Bedford Public Schools slowly rising out of red ink

District financial officer lowers this year’s deficit, predicts 2016-17 budget in black

5/27/2013
BY CARL RYAN
BLADE STAFF WRITER

TEMPERANCE — Bedford Public Schools are expected to finish the 2012-13 year with a $1.05 million budget deficit, a shortfall that is slightly less than an earlier forecast of $1.2 million in red ink.

The 2013-14 year looks better still, with the district’s deficit projected to be $766,249, although Chief Financial Officer Sharon Ramirez cautioned that budgets are works in progress subject to multiple revisions.

Ms. Ramirez delivered the numbers to the Board of Education at a budget workshop last week at Monroe Road Elementary School.

The 2012-13 deficit consists of $426,204 spent in excess of revenues, she said, and a $626,901 negative balance carried over from earlier years.

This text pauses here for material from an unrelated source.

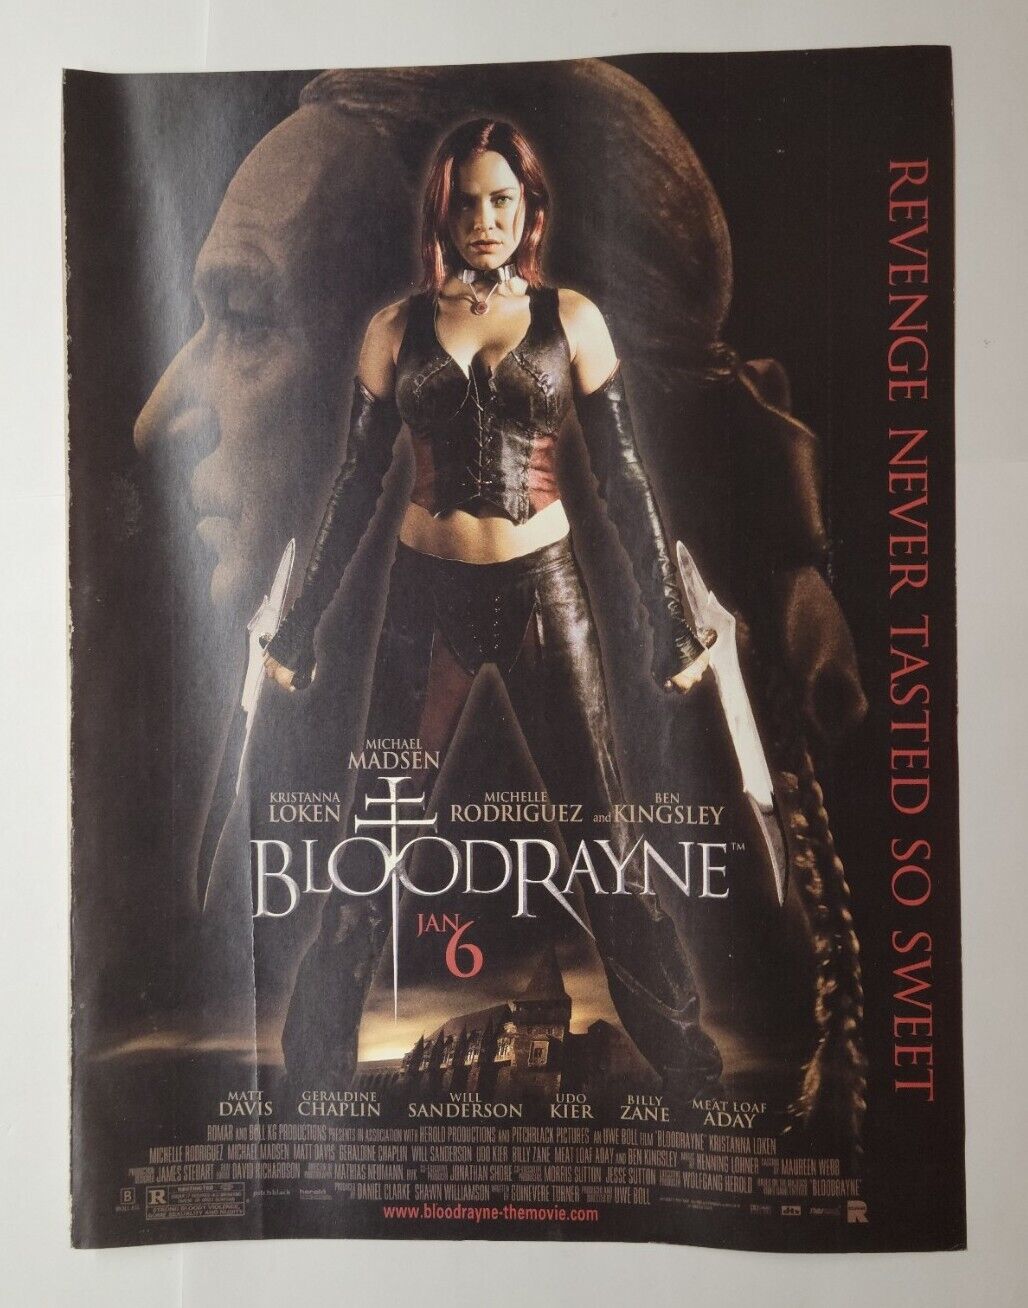 Bloodrayne Movie Premier 2005 Magazine Print Ad Kristanna Lokken
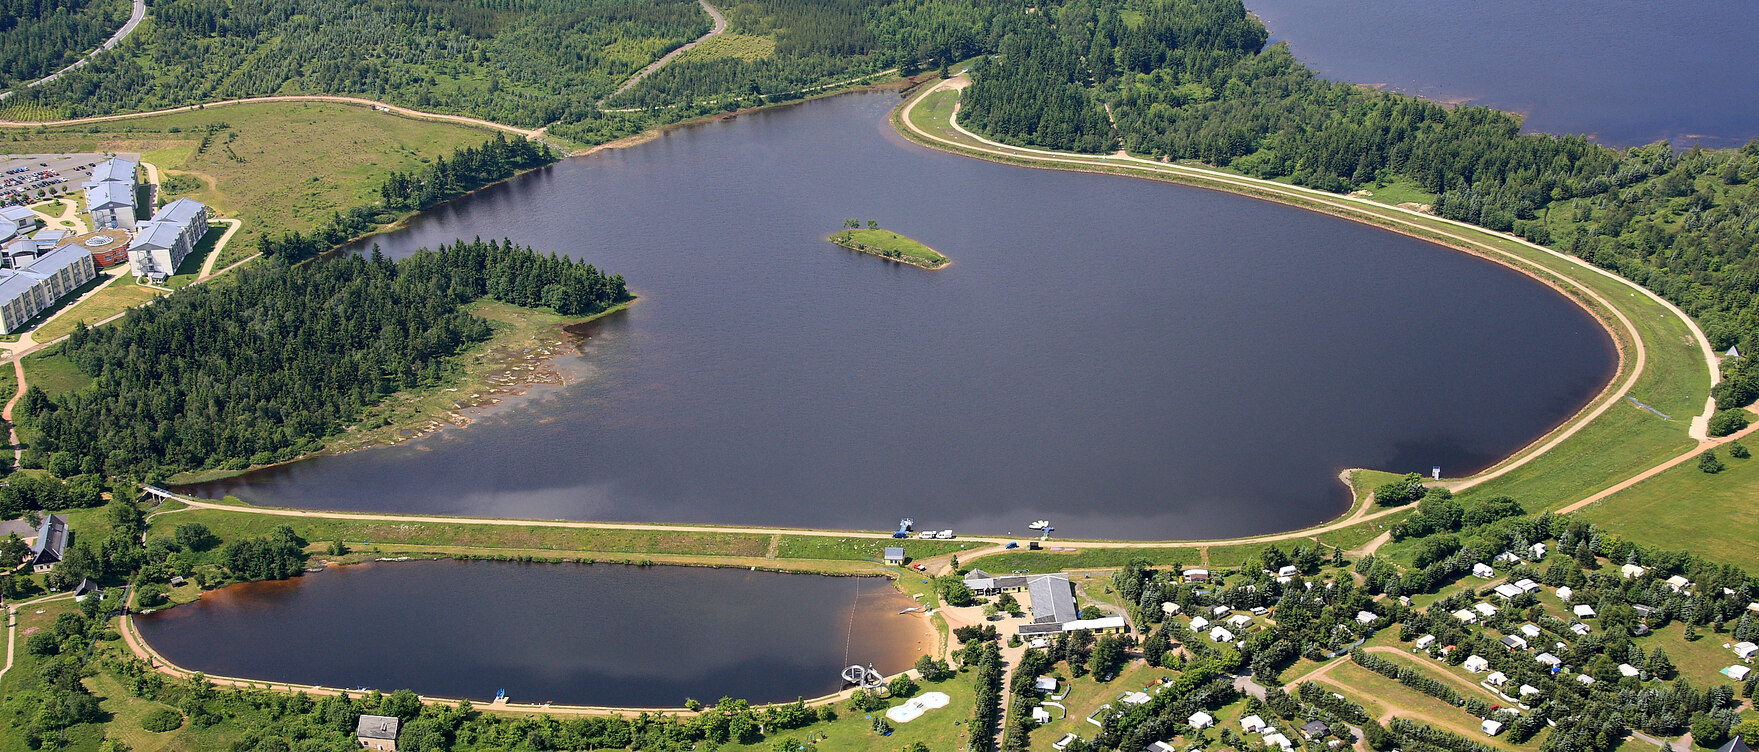 Luftbild dreier nebeneinander liegender Seen. Im Vordergrund ein Campingplatz und rings um die Seen viel Grün.

She had some unwelcome data as well. District enrollment was expected to shrink by 100 students next school year.

Bedford’s state funding “is very dependent on our enrollment,” and that has declined 14 percent in the last decade, Ms. Ramirez told the board, blaming the trend on declining birth rates and lost population.

On balance, however, she was upbeat, saying recent years’ painful cost-cutting was showing results.

“We are making traction toward getting ourselves out of deficit,” she told the board.

“Everything we’re doing is going to have a positive effect. It’s just going to take time,” interim Superintendent Jon White said.

Further retrenchment is ahead. Two years ago the board closed Smith Road Elementary School to cut costs, and it is doing the same this year with Temperance Road Elementary, which will cease being a school building after the last day of classes on June 7, for an annual saving of $850,000.

The district has a deficit-elimination plan on file with the Michigan Department of Education that binds it to additional cuts that include the elimination of bus transportation for high school students, switching from trimesters to semesters, and achieving further concessions in wages and retirements.

If these are followed through, the school system will be in the black by the end of the 2016-17 year, with a positive fund balance of $30,802, according to Ms. Ramirez’s projections.

This month, layoff notices were sent to about 15 teachers and other educators for the next school year. Edward Manuszak, the assistant superintendent of instruction and student services, said the number who will be recalled won’t be known until August.

Mr. White said the number recalled would depend on enrollment, and parents of children entering kindergarten often don’t register them until later in the summer.

“Teachers will be recalled only if absolutely necessary,” he said.